US. Maine forces pension funds to dump fossil fuels

Last week, Maine passed bill LD99; an act to require the state to divest itself of assets invested in the fossil fuel industry. Needing 17 votes to pass, it succeeded with 18 in favour while 15 voted against the bill and two were excused.

Under the law, the Maine Public Employees Retirement System “may not invest the assets of any state pension or annuity fund in any stocks or other securities of any corporation or company within the fossil fuel industry or any subsidiary, affiliate or parent of any corporation or company among the 200 largest publicly traded fossil fuel companies”.

The fund must also divest any such holdings by 1 January 2026.

However, short-term investment funds that blend commercial paper or futures are exempt from the restrictions.

The bill, which was supported by Maine state treasurer Henry Beck, also directs the state Treasury to do the same across all state funds.

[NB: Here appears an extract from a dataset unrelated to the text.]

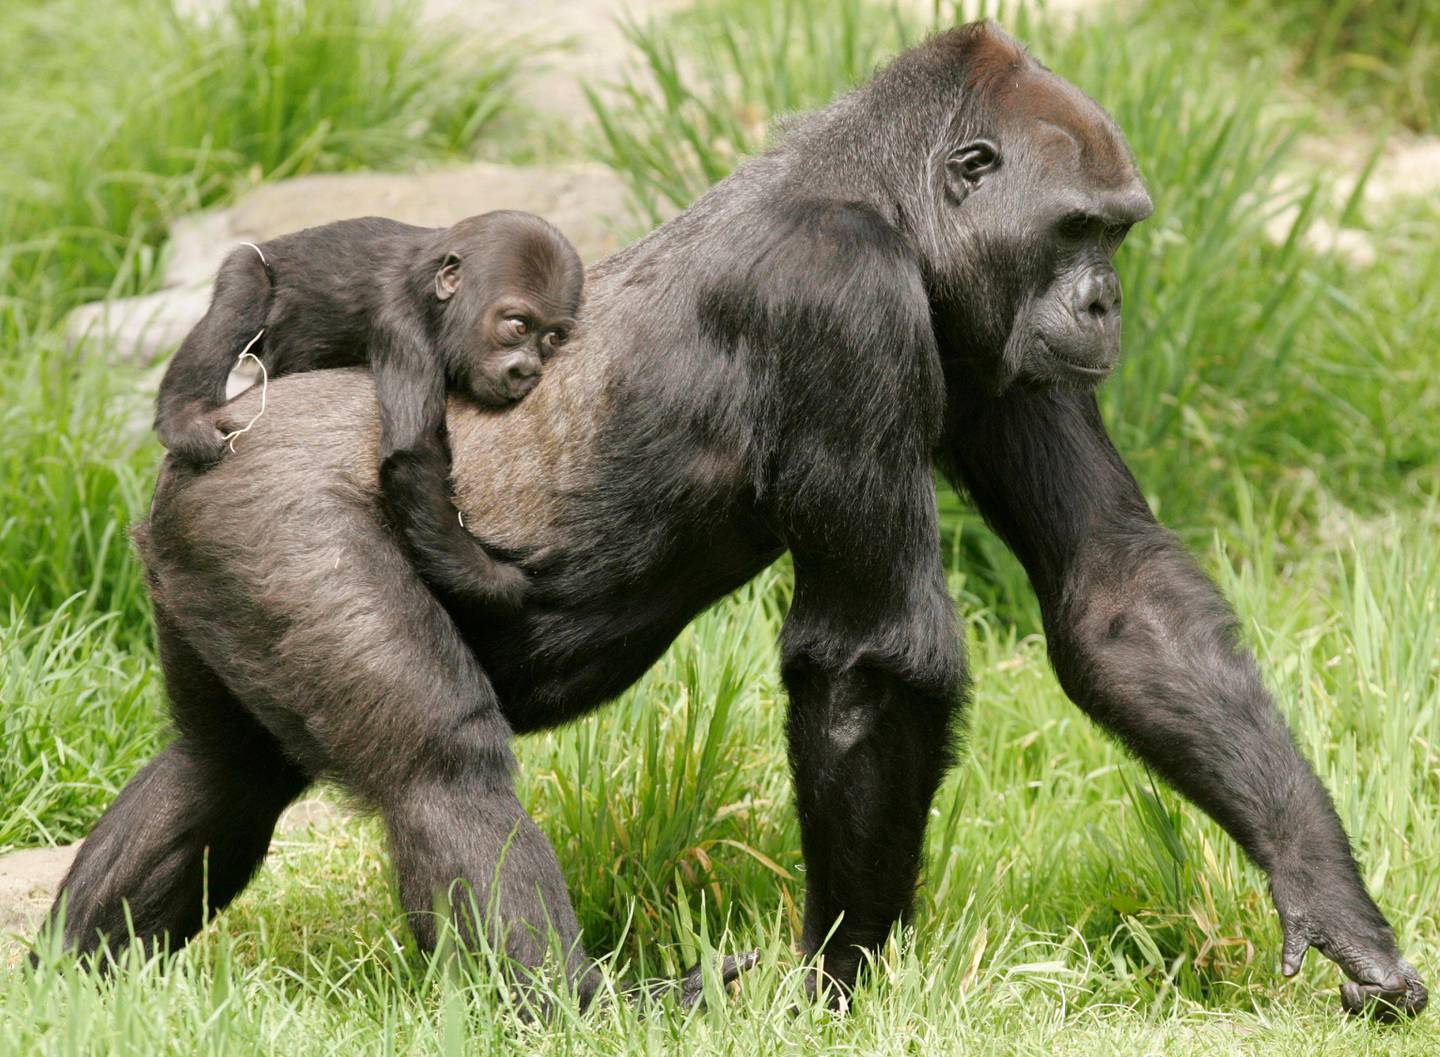 Hasani, a six-month old western lowland gorilla, rides in the back of his surrogate mother Bawang at the San Francisco Zoo in San Francisco, Friday, June 5, 2009. Hasani, who's name means "handsome" in Swahili, is the first gorilla born in captivity at the zoo in 11 years.  Bawang, who's 29 years old, became the baby gorilla's surrogate mother after his birth mother Monifa showed no interest in raising him. The western lowland gorilla's natural habitat is in Central Africa. It is currently on the critically endangered list.   (AP Photo/Marcio Jose Sanchez)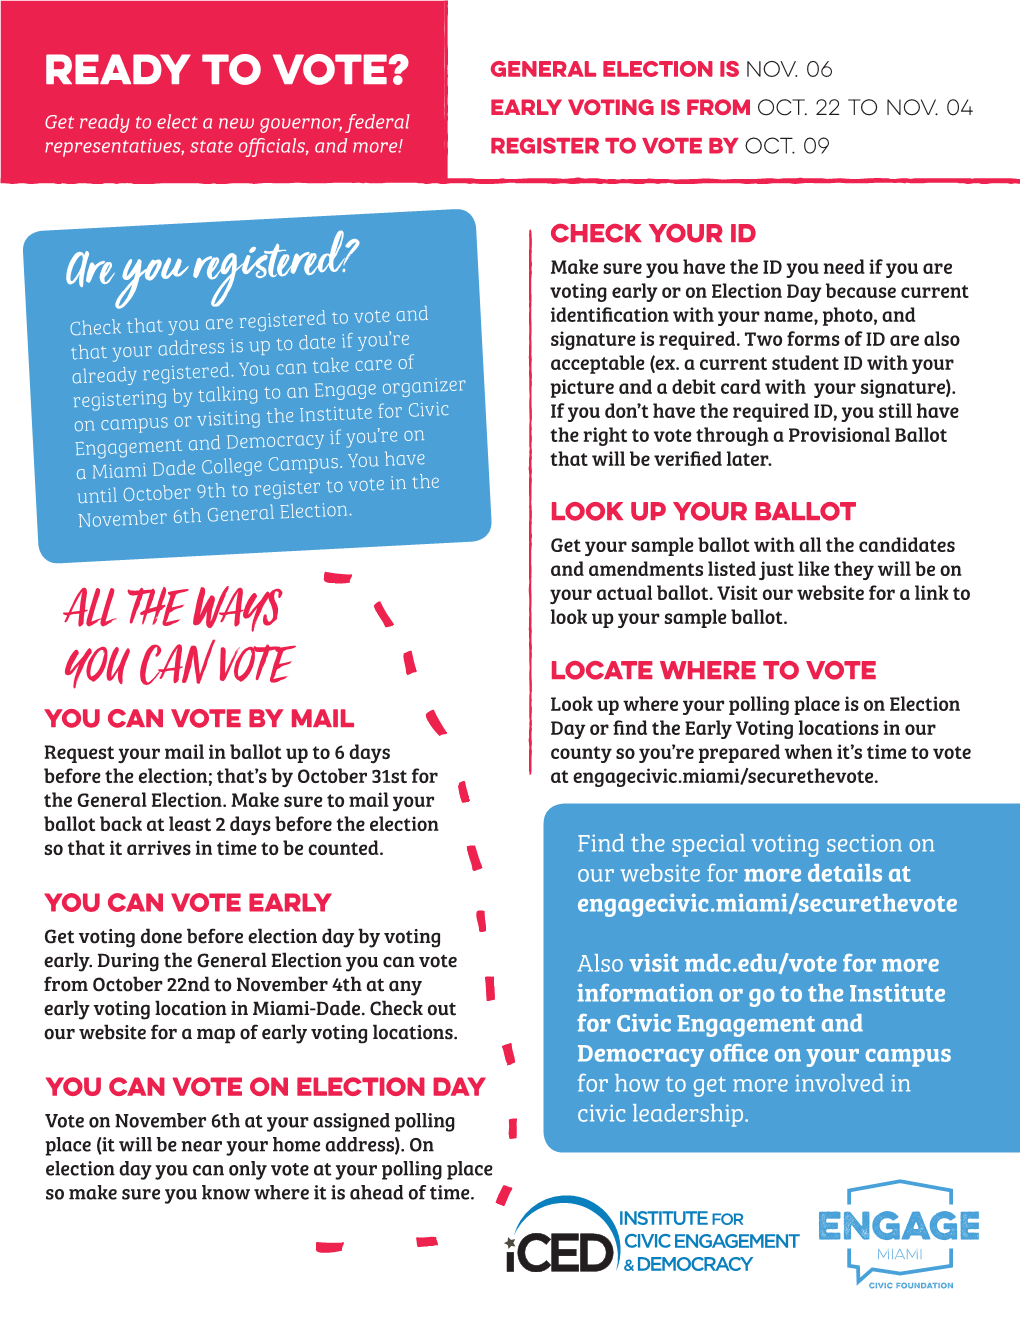 All the Ways You Can Vote

“If Maine can divest responsibly and thoughtfully, there are no more excuses for any other pension fund and legislature in the USA. It is past time for every other public pension to address the mounting climate risk in their portfolios by holding onto fossil fuel investments. These are a ticking time bomb and fiduciaries must act,” according to Richard Brooks, climate finance director at Stand.earth, which is coordinating the national Climate Safe Pensions Network.